The solution for the namespace unloading issue is to have a way to limit the outstanding CompletableFutures that are in progress and use that as a way to "backpressure" the sending of new requests. The current solution of sending out all requests and then waiting for the results is a problematic solution since it doesn't use any sort of feedback from the system to adjust the speed. In other words, there's currently no proper backpressure solution for async Pulsar Admin calls within Pulsar broker.

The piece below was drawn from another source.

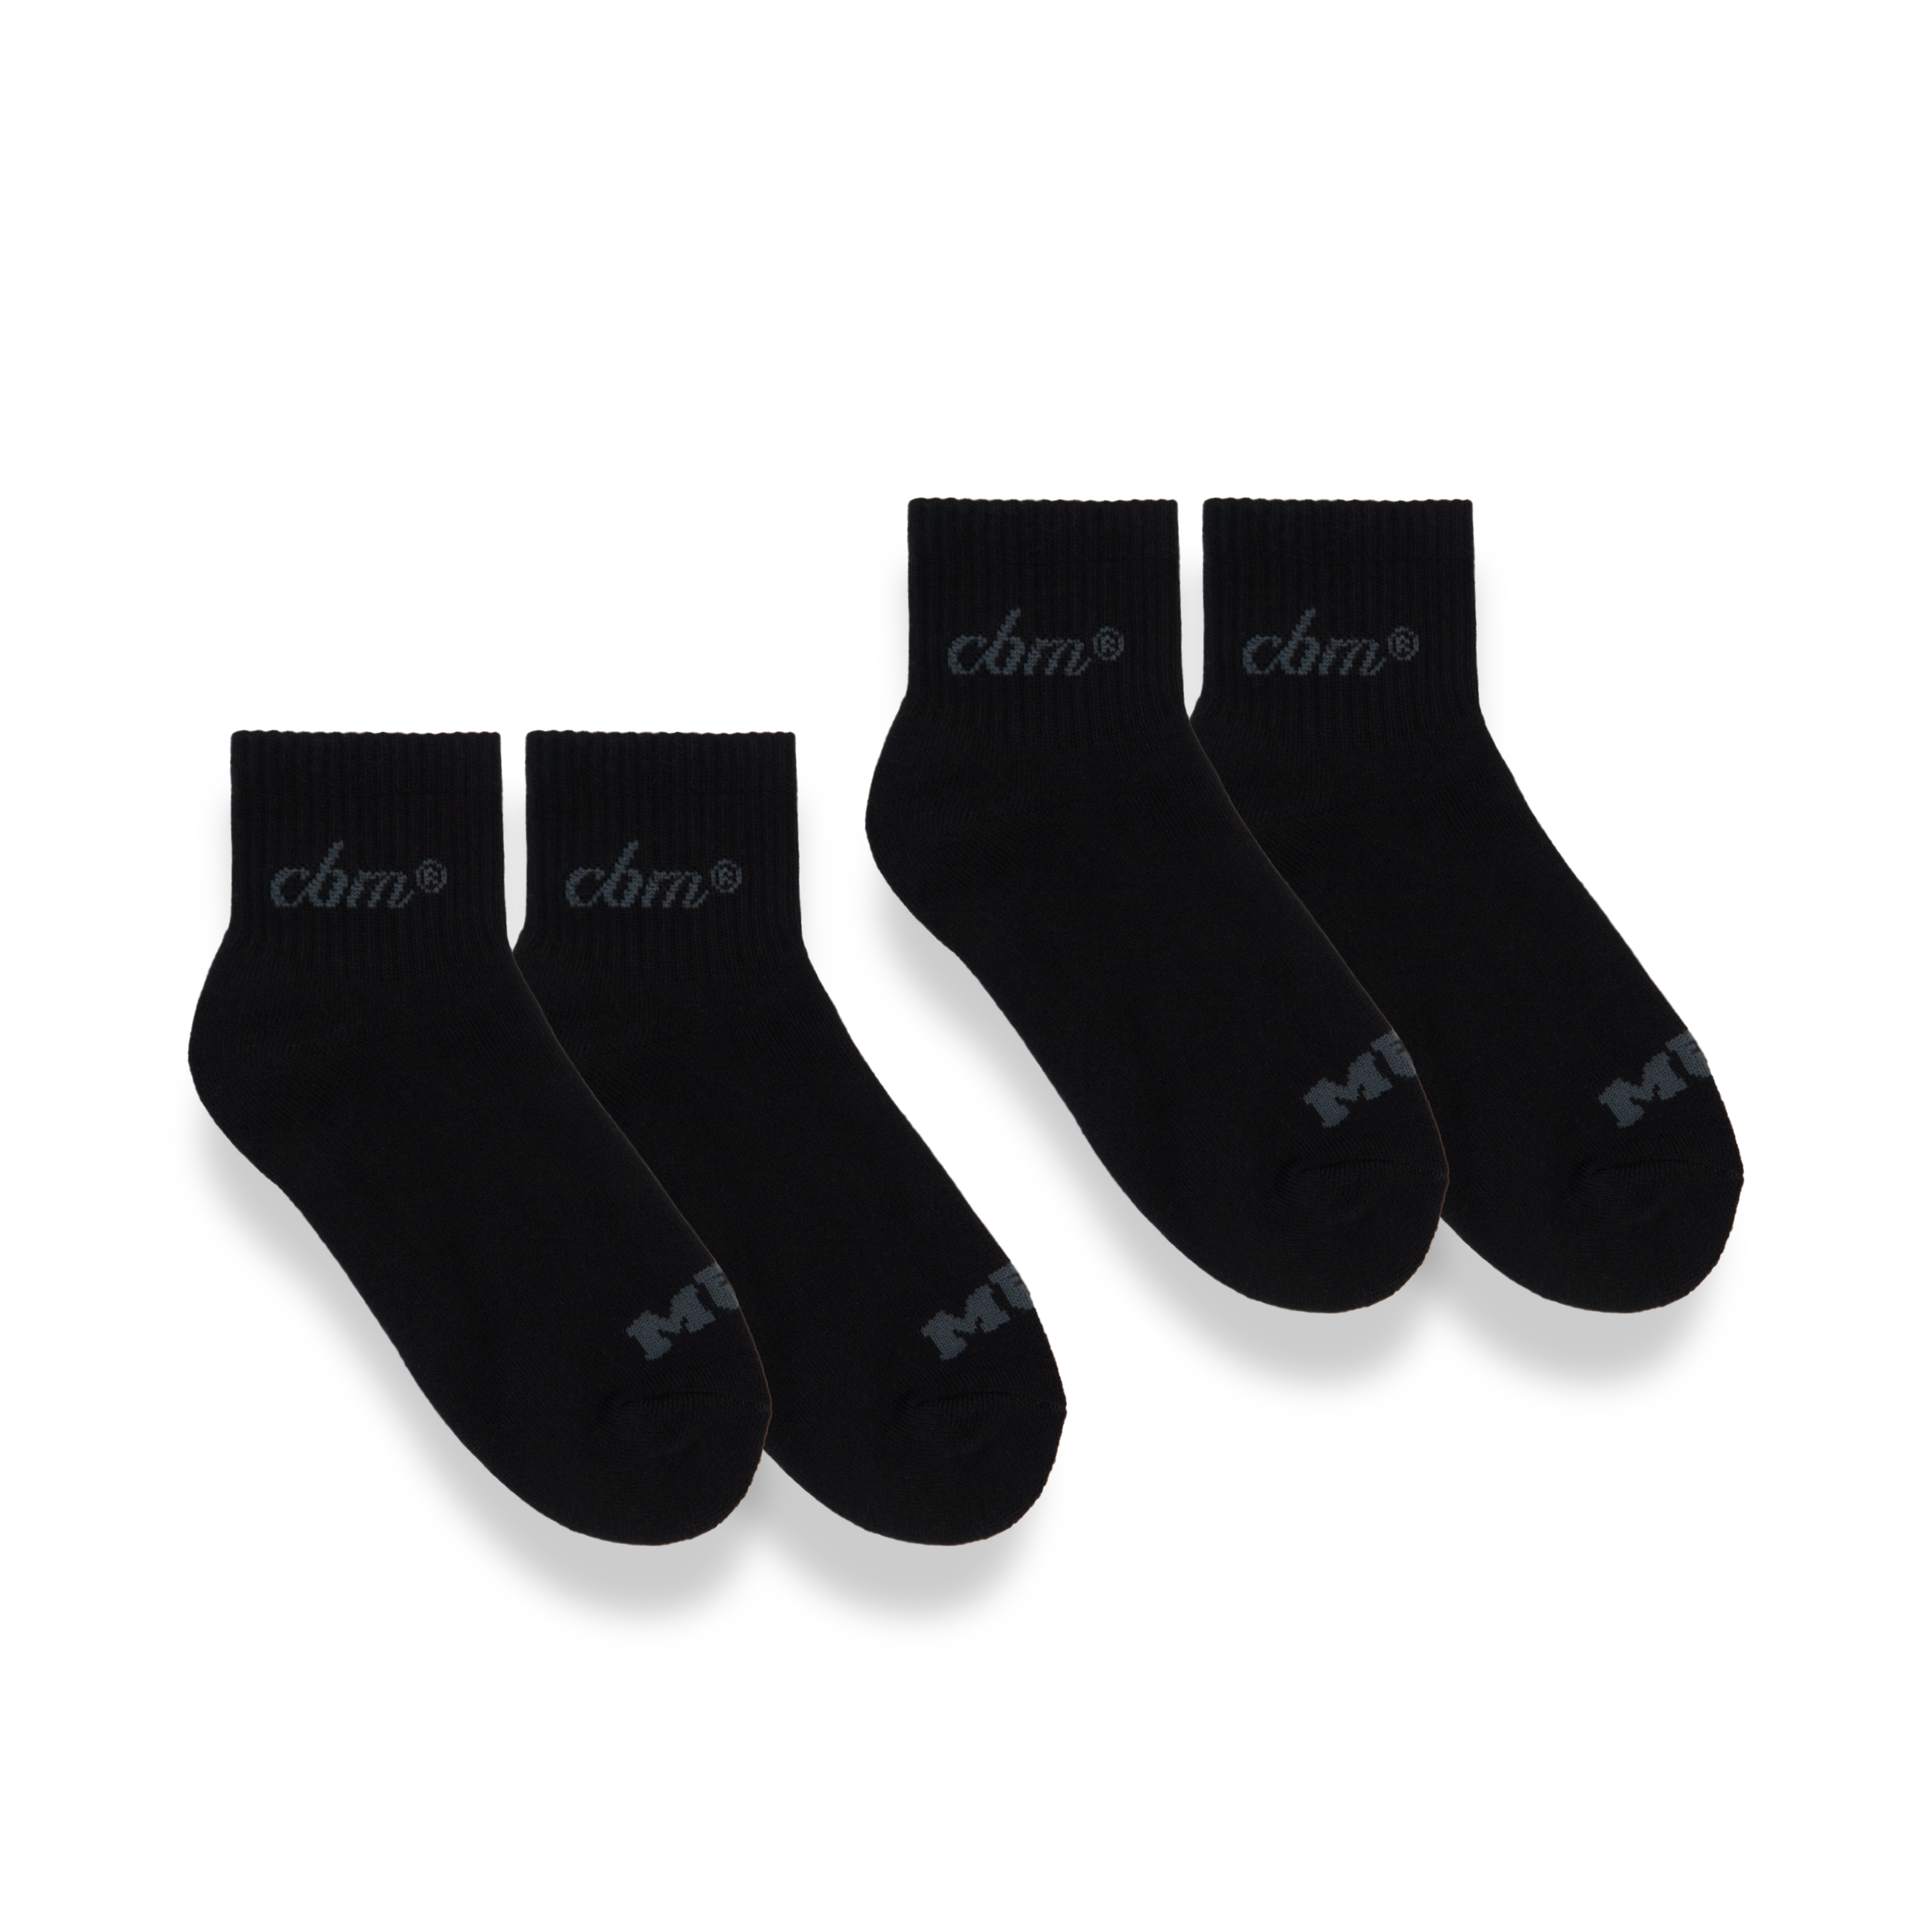 Crew socks 3" - Black Pack (2)

I'll experiment with some ways to add backpressure to cases where a large amount of async calls are triggered and then results are waited.

[lhotari]

Another location without proper backpressure is namespace deletion:

pulsar/pulsar-broker/src/main/java/org/apache/pulsar/broker/admin/impl/NamespacesBase.java

Lines 282 to 293 in d7d5452

	return markDeleteFuture.thenCompose(__ ->
	internalDeleteTopicsAsync(allUserCreatedTopics))
	.thenCompose(ignore ->
	internalDeletePartitionedTopicsAsync(allUserCreatedPartitionTopics))
	.thenCompose(ignore ->
	internalDeleteTopicsAsync(allSystemTopics))
	.thenCompose(ignore ->
	internalDeletePartitionedTopicsAsync(allPartitionedSystemTopics))
	.thenCompose(ignore ->
	internalDeleteTopicsAsync(topicPolicy))
	.thenCompose(ignore ->
	internalDeletePartitionedTopicsAsync(partitionedTopicPolicy));

[lhotari]

example of creating partitions:

pulsar/pulsar-broker/src/main/java/org/apache/pulsar/broker/admin/AdminResource.java

Lines 162 to 171 in 50121e7

	protected CompletableFuture<Void> tryCreatePartitionsAsync(int numPartitions) {
	if (!topicName.isPersistent()) {
	return CompletableFuture.completedFuture(null);
	}
	List<CompletableFuture<Void>> futures = new ArrayList<>(numPartitions);
	for (int i = 0; i < numPartitions; i++) {
	futures.add(tryCreatePartitionAsync(i));
	}
	return FutureUtil.waitForAll(futures);
	}

This would need backpressure too. Let's say if you create a 100 partition topic, the broker might open 100 HTTP connections to create the topic partitions concurrently. This is problematic when the brokers are under heavy load.

[lhotari]

Looks like https://github.com/spotify/completable-futures/blob/master/src/main/java/com/spotify/futures/ConcurrencyReducer.java could be a useful solution to leverage.

[lhotari]

Noticed that there's a solution to run 1-by-1 using

pulsar/pulsar-common/src/main/java/org/apache/pulsar/common/util/FutureUtil.java

Lines 179 to 210 in ed59967

	@ThreadSafe
	public static class Sequencer<T> {
	private CompletableFuture<T> sequencerFuture = CompletableFuture.completedFuture(null);
	private final boolean allowExceptionBreakChain;
	public Sequencer(boolean allowExceptionBreakChain) {
	this.allowExceptionBreakChain = allowExceptionBreakChain;
	}
	public static <T> Sequencer<T> create(boolean allowExceptionBreakChain) {
	return new Sequencer<>(allowExceptionBreakChain);
	}
	public static <T> Sequencer<T> create() {
	return new Sequencer<>(false);
	}
	/**
	* @throws NullPointerException NPE when param is null
	*/
	public synchronized CompletableFuture<T> sequential(Supplier<CompletableFuture<T>> newTask) {
	Objects.requireNonNull(newTask);
	if (sequencerFuture.isDone()) {
	if (sequencerFuture.isCompletedExceptionally() && allowExceptionBreakChain) {
	return sequencerFuture;
	}
	return sequencerFuture = newTask.get();
	}
	return sequencerFuture = allowExceptionBreakChain
	? sequencerFuture.thenCompose(__ -> newTask.get())
	: sequencerFuture.exceptionally(ex -> null).thenCompose(__ -> newTask.get());
	}
	}

. However, I think that ConcurrencyReducer would be a better solution for most use cases.

[lhotari]

Another challenge is to cancel work that is queued in the system, but not waited by any clients.
Newer Jersey clients have support for this. I noticed commit eclipse-ee4j/jersey@9602806 in Jersey.
When the system is overloaded, request processing might be very slow so that clients get timeouts and retry requests.
This will add more work to the system unless there's a solution that cancels the timed out tasks. That's why addressing this is also important part of the solution.